If the results of a Pap test are labeled ASC-H, it means that a SIL is suspected.

Pap test results of either type of ASC mean that more testing is needed. This is discussed in the section, “Work-up of abnormal Pap test results.”

Squamous intraepithelial lesions (SILs): These abnormalities are subdivided into low-grade SIL (LSIL) and high-grade SIL (HSIL). In LSIL, the cells are mildly abnormal, while in HSIL, the cells are severely abnormal. HSILs are less likely than LSILs to go away without treatment. They are also more likely to eventually develop into cancer if they are not treated. Treatment can cure most SILs and prevent true cancer from developing.
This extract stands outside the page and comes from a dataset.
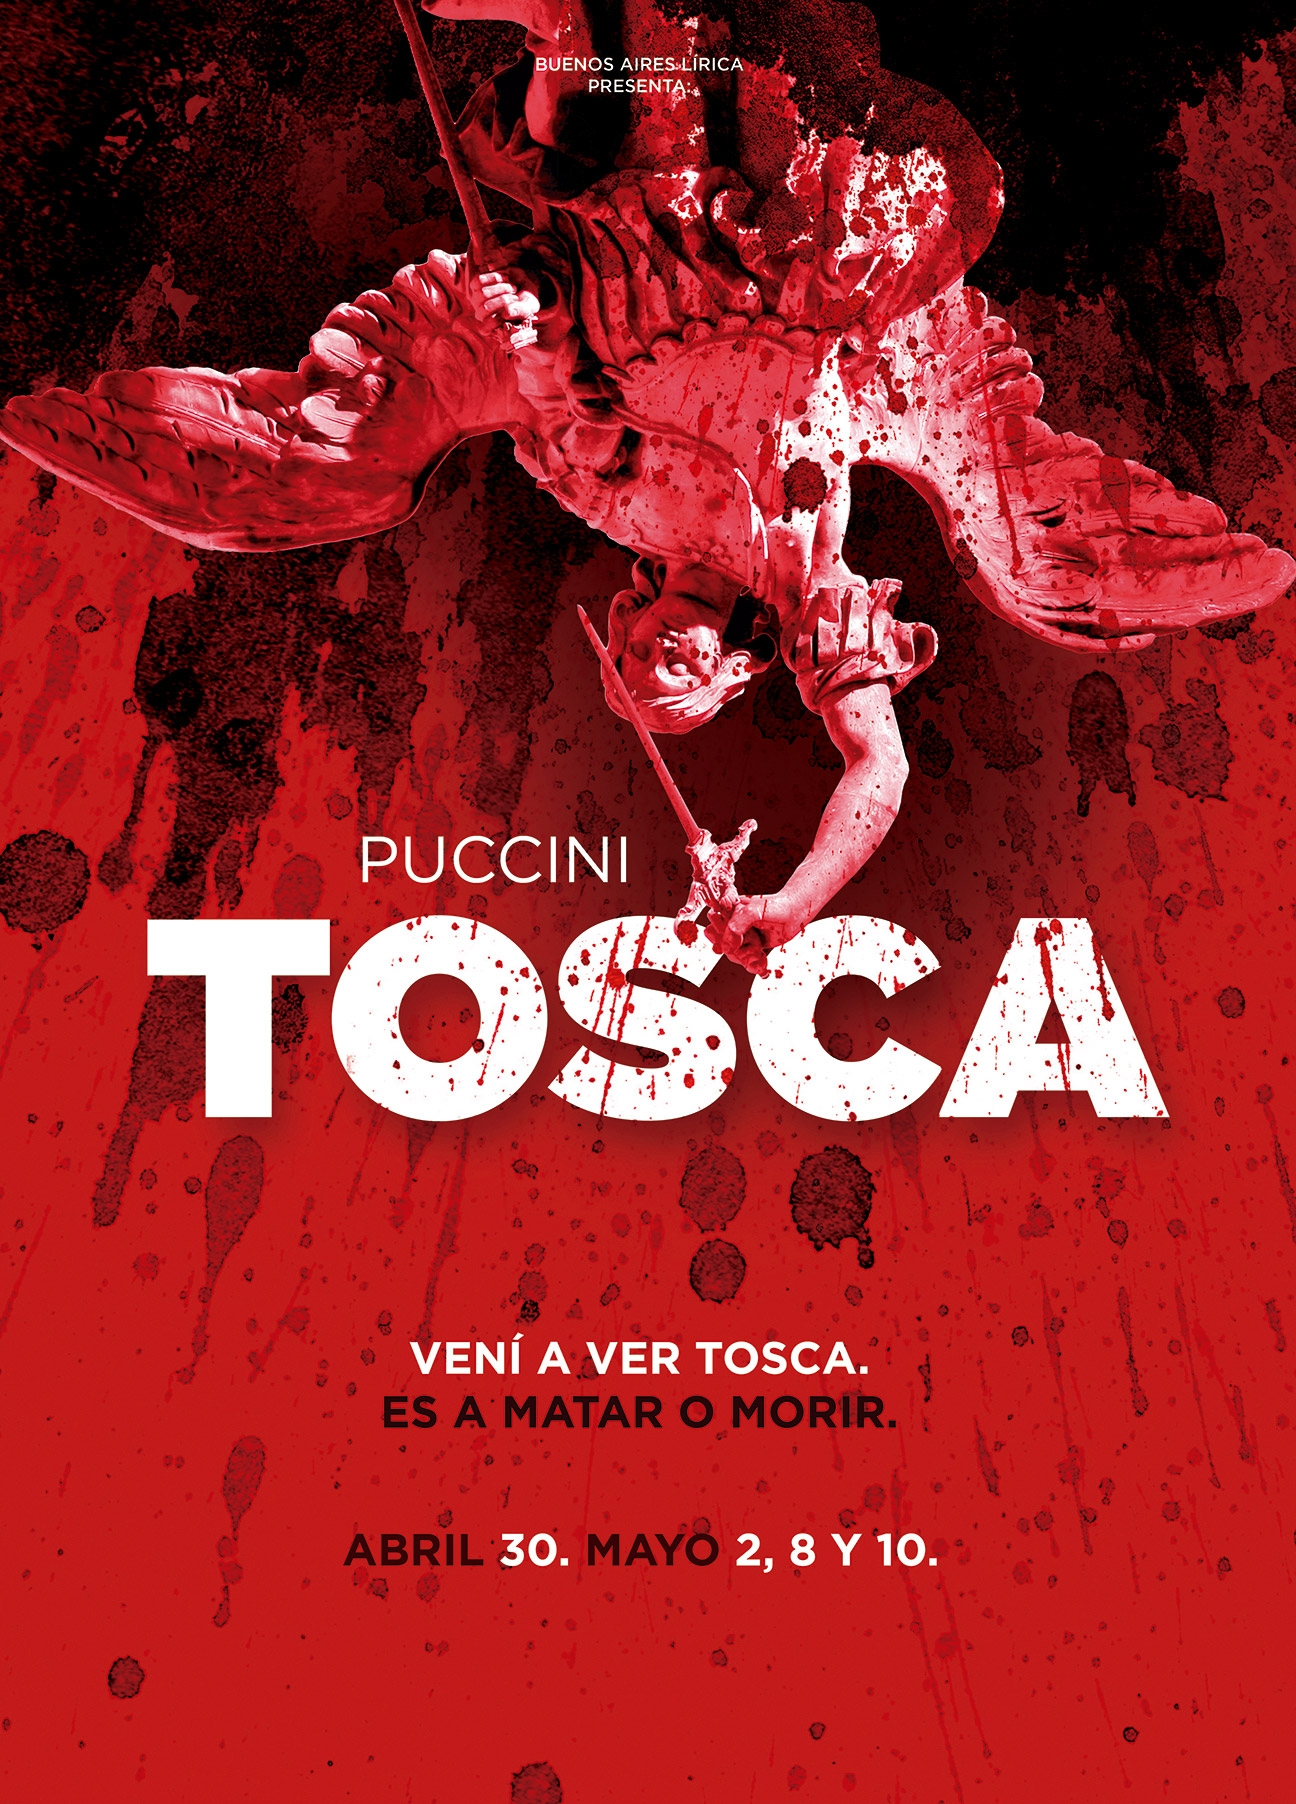 Diseño de afiche para ópera TOSCA - poster - BAL - productora de ópera. Diseño para redes sociales. Afiches.

Further tests are needed if SIL is seen on a Pap test. This is discussed in the section, “Work-up of abnormal Pap test results.”

Squamous cell carcinoma: This result means that the woman is likely to have an invasive cancer. Further testing will be done to be sure of the diagnosis before treatment can be planned.

Glandular cell abnormalities

Adenocarcinoma: Cancers of the glandular cells are called adenocarcinomas. In some cases, the pathologist examining the cells can tell whether the adenocarcinoma started in the endocervix, in the uterus (endometrium), or elsewhere in the body.

Atypical glandular cells: When the glandular cells do not look normal, but have features that do not permit a clear decision as to whether they are cancerous, the term used is atypical glandular cells (AGCs). The patient should have more testing if her cervical cytology result shows atypical glandular cells.

Other malignant neoplasms

This category is for forms of cancer that only rarely affect the cervix, such as malignant melanoma, sarcomas, and lymphoma.

Other descriptions of Pap test results have also been used in the past.